Now the VP, who we will call “Veepy,” was a young fellow, and his crew were also young guys, so it was decided on their end that the most effective way for them to be all present and accounted for at the restaurant at 7 am on the appointed day, was for them to travel to Niagara Falls the night before and have a Casino Night. As for me, I had to get up at 5 am and drive out on the day-of.

Having done that, I met up with the team just before 7 am and we proceeded to make our way into the restaurant. This was a bit weird right from the get-go as the venue was in a mall concourse, just off the main drag, and when we got there, the sliding glass doors that opened on to the concourse were open about a foot.

We let ourselves in, expecting to meet someone from the restaurant management, but that didn’t happen. Instead, we could see through the swinging doors that the kitchen staff were hard at work preparing their 5,000 pounds of French fries for the day – the front door having presumably been left open so they could enter.

In any case, the protocol for the maintenance blitz was that you had to call HQ in Florida the minute you were on the premises and get them to start the clock. Veepy did the honors: “We’re in, at 7:02!” This kind of felt like we were Brad Pitt and crew in Oceans One Million (or whatever the last installment was…) And with that, the guys fanned out and started furiously cleaning every display in sight.

This left Veepy and me free to search for the tech room/equipment racks so I could get started on the work that I’d been hired for. We searched the bar area, where we’d entered. No luck. Then the adjacent dining area, still no luck. Finally, we found a mezzanine area overlooking the dining room. This consisted of an open-plan office and included two seven-foot equipment racks holding all the AV gear. Bingo!

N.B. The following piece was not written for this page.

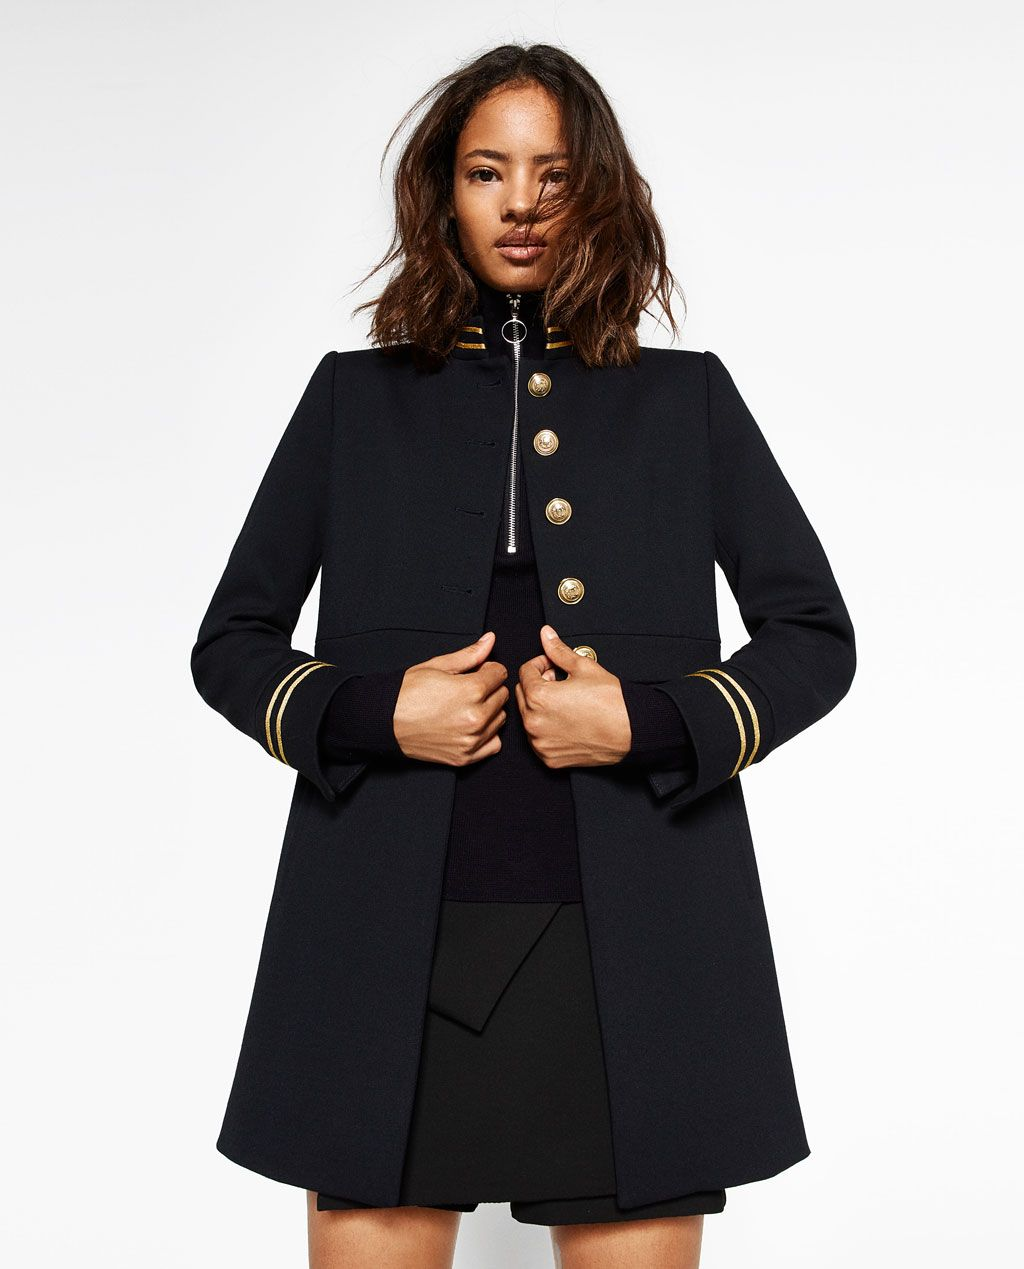 veste style officier femme zara

Except…the equipment didn’t match what we we’d been told to expect, and there was a laser-engraved panel at the top of each rack proudly proclaiming that the equipment had been installed by the company that I had managed in the 90s, who wasn’t the installer at any of the other locations. One particular sign that something wasn’t quite right – the DSP units were not BSS Soundweb but something else entirely.

Accidental Tourist

At that point, Veepy got back on the phone to HQ to try and find out what the heck was going on. This left me with absolutely nothing to do but play tourist, so I wandered over to the one window in the office to see what I could see. This window happened to be a tall, narrow one, about a foot wide, so it didn’t exactly offer a panoramic view of the falls, but I could see them if I looked in that direction.

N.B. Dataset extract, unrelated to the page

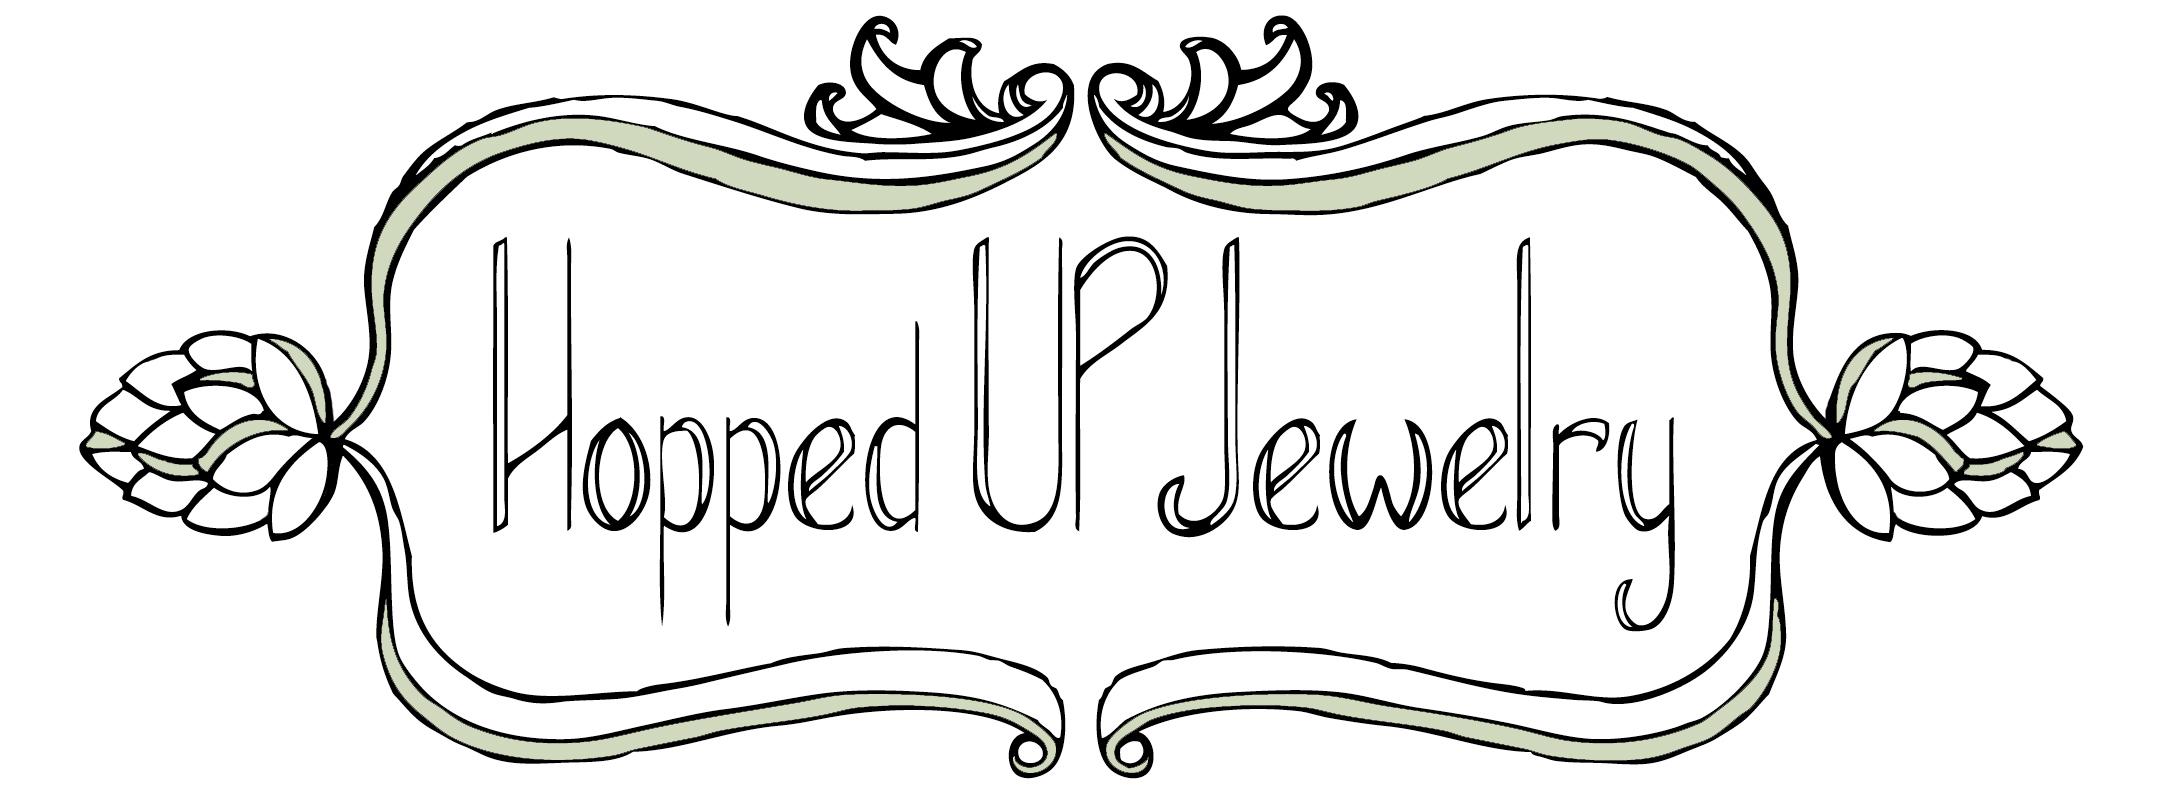 Hopped Up Jewelry Logo

So, I looked to my right, which was up river towards the falls, and watched them for a few minutes. I had seen them many times before, but they’re still always worth a look. From there, I let my gaze drift down the Niagara Gorge, marveling at all the water moving through it while idly searching for any sign of the tourist boats. Too early for the boats.

From there, my eye drifted down to the Rainbow Bridge, where I noticed the day’s traffic beginning to build up as folks waited to get through Customs into the US. Looking up from there to the American side of the river, I couldn’t help noticing a restaurant very close to the bridge, with a 100-foot high neon guitar in the parking lot…

While I’d been rubbernecking, I’d also been half listening to Veepy’s side of the phone conversation as he tried to work out what was going on. I interrupted him: “Hey Veepy, ask them if they meant Niagara Falls, New York!”

Which, of course, they had. With that news still ringing in his ears, Veepy leapt up from the manager’s desk and ran down the stairs, yelling to his guys “Abort! Abort! STOP CLEANING!”

After that, we beat a hasty retreat, still without having seen or interacted with anyone from the restaurant’s management. To this day, I wonder if they noticed that some of their TV’s were looking particularly fine when they opened later that day.

Veepy and I conferred briefly to see if it was worth me trying to get across the river to do my assigned tasks, but we decided that it was too late in the day, and kind of iffy since I hadn’t brought my passports with me (I’m a dual citizen, born in the U.S.).

I did eventually go by myself a few weeks later: a one-man maintenance blitz, except that I just did the two tasks assigned to me and went home.